Clinical and Genetic Studies of Familial Exudative Vitreoretinopathy
This study will examine the extent of the vision problem in familial exudative vitreoretinopathy (FEVR) and try to identify the genes responsible for this hereditary eye disorder. Patients with FEVR have incomplete formation of blood vessels in the periphery of the retina (the inner part of the eye that is responsible for vision). As a result, abnormal vessels can form and retinal detachment and vitreous bleeding can occur, causing significant vision loss. Vision loss usually begins in childhood, gradually worsening over time. Some patients eventually become blind.

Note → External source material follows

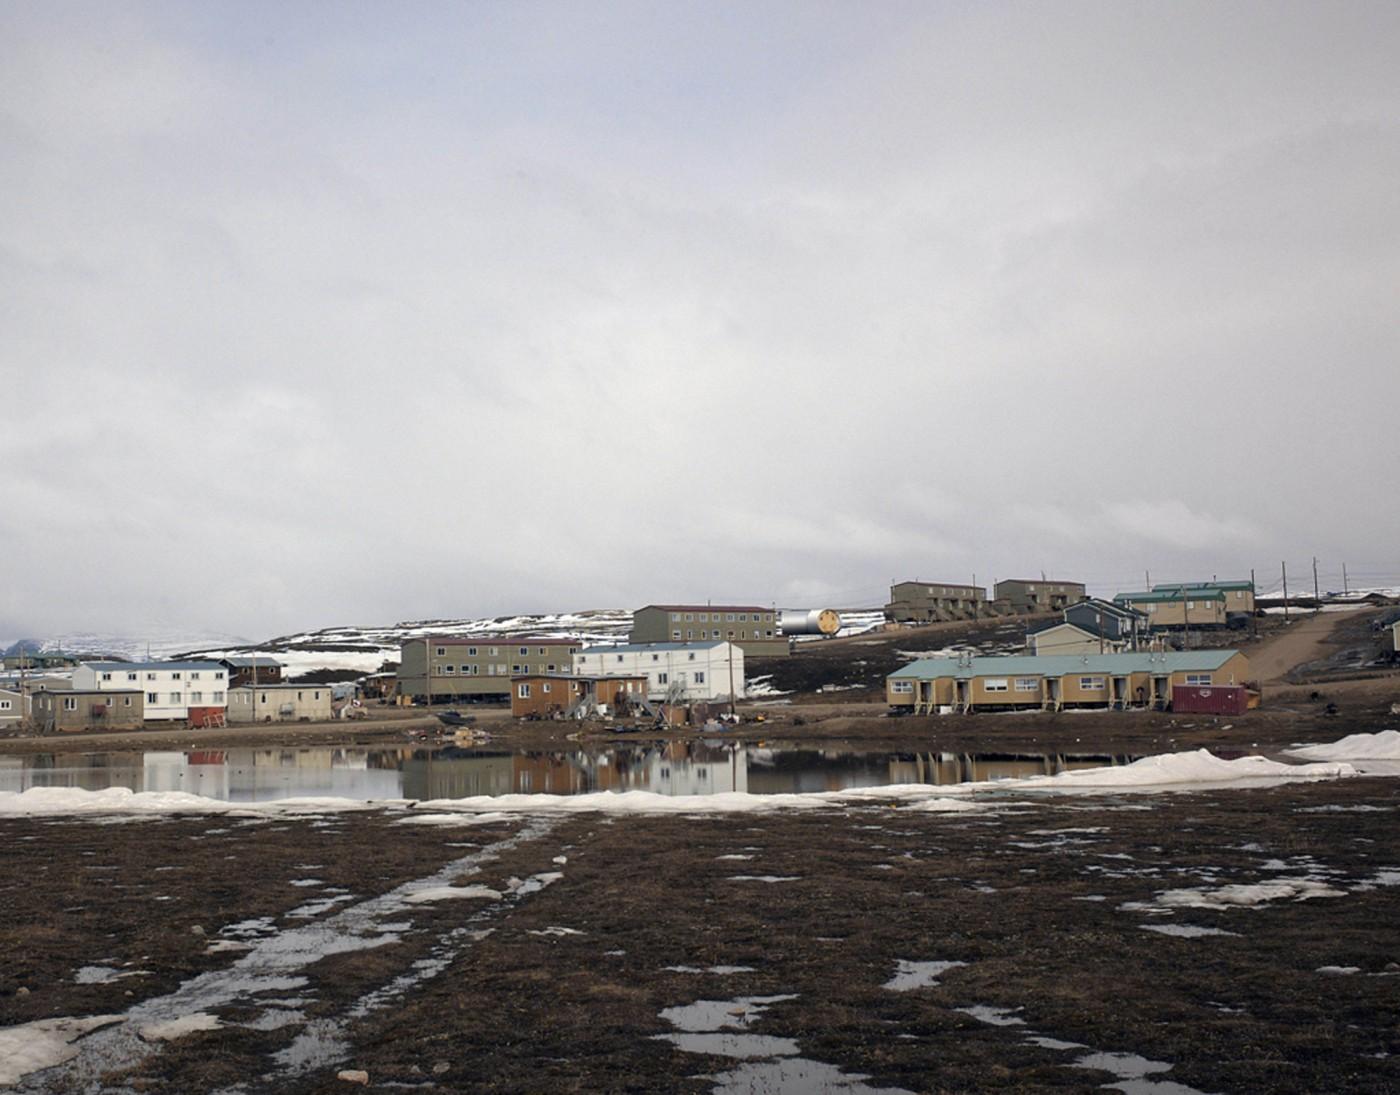 Philip Jessup, </span><span><em>Early Melt in Pond Inlet, Baffin Island</em>, </span><span>2007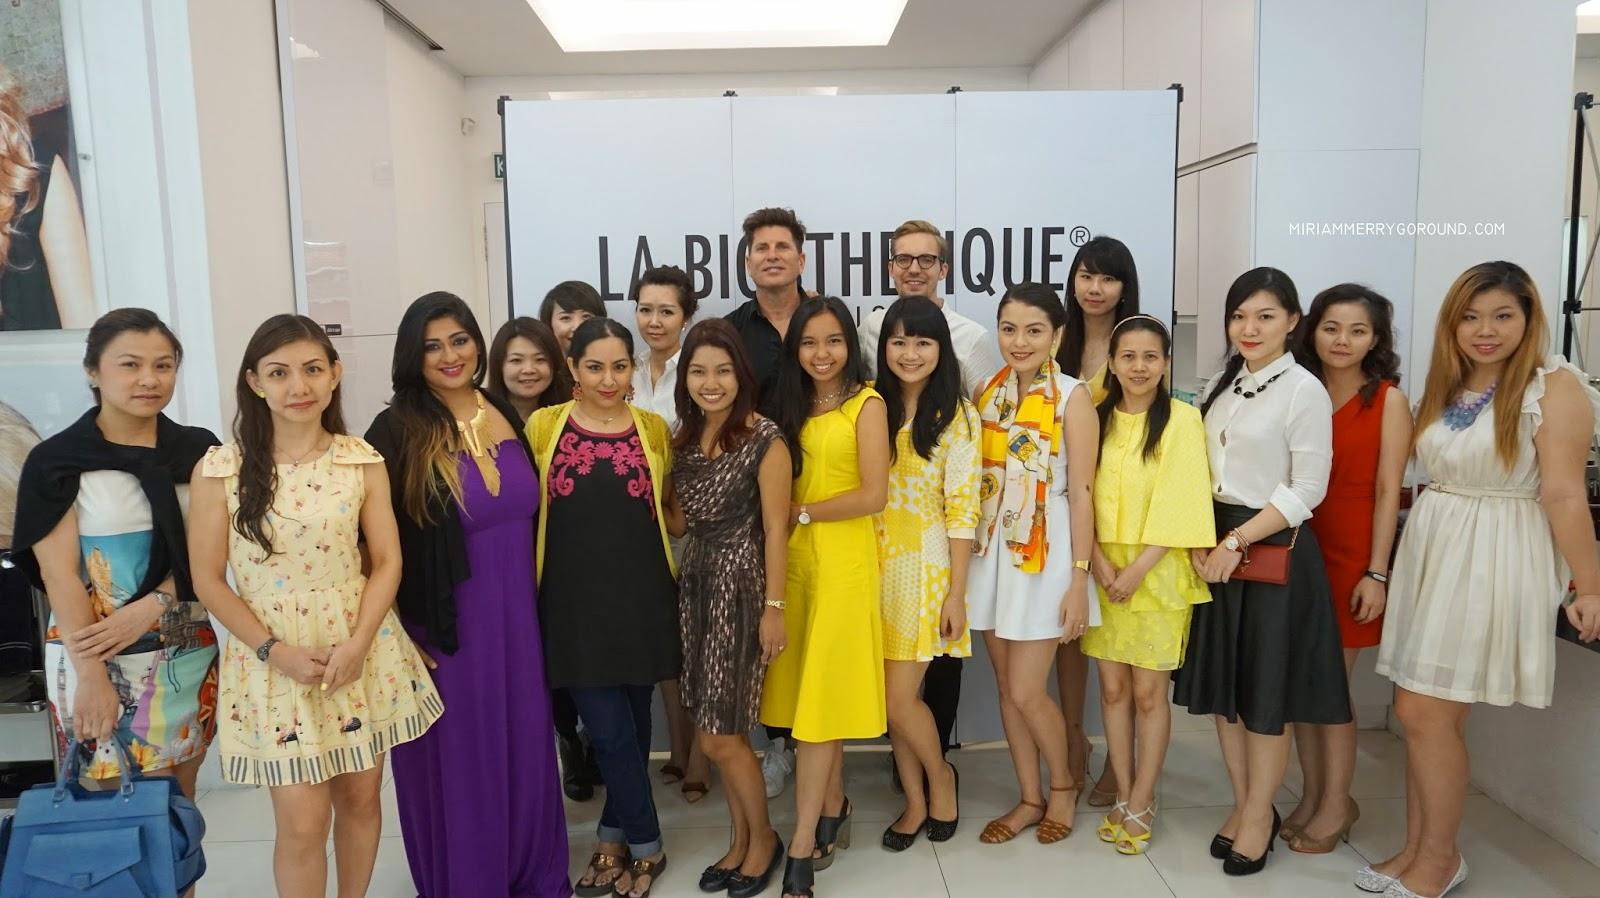 Top salon brand and experience with la biosthetique - La biosthetique salon ...

Patients of all ages with FEVR and their family members may be eligible for this study. Participants undergo the following tests and procedures:
- Family history, especially regarding eye disease. A family tree is drawn.
- Blood draw for genetic testing related to FEVR.
- Eye examination to assess visual acuity (eye chart test) and eye pressure, and to examine pupils, lens, retina and eye movements. The pupils are dilated with drops for this examination.
- Fluorescein angiography to evaluate the eye's blood vessels. A yellow dye is injected into an arm vein and travels to the blood vessels in the eyes. Pictures of the retina are taken using a camera that flashes a blue light into the eye. The pictures show if any dye has leaked from the vessels into the retina, indicating possible blood vessel abnormality.
- Patients affected with FEVR will also undergo DEXA scan to look for osteoporosis. X-rays are used to scan the hip, forearm and spine for bone density measurements.
Familial Exudative Vitreoretinopathy
|Official Title:||Familial Exudative Vitreoretinopathy Clinical and Molecular Studies|
|Study Start Date:||March 18, 2005|
|Study Completion Date:||November 1, 2006|
|Primary Completion Date:||November 1, 2006 (Final data collection date for primary outcome measure)|
Background: Familial exudative vitreoretinopathy (FEVR) is a rare hereditary disorder of the retinal vasculature characterized by abrupt cessation of the growth of peripheral retinal capillaries. FEVR seems to exhibit significant phenotypic and genotypic variability but since this is a rare disease the clinical and genetic characteristics of the disease have not been extensively studied so far. Correlation of phenotypes with certain genotypes have not been made yet. Clinical findings can vary from very mild disease with only subtle changes of the peripheral retinal vasculature without symptoms to severe disease with retinal neovascularization, retinal exudates, vitreoretinal adhesions, peripheral vitreous opacities, retinal folds and tractional retinal detachment. The condition remarkably resembles retinopathy of prematurity but affected patients do not have a history of prematurity or supplementary oxygen use.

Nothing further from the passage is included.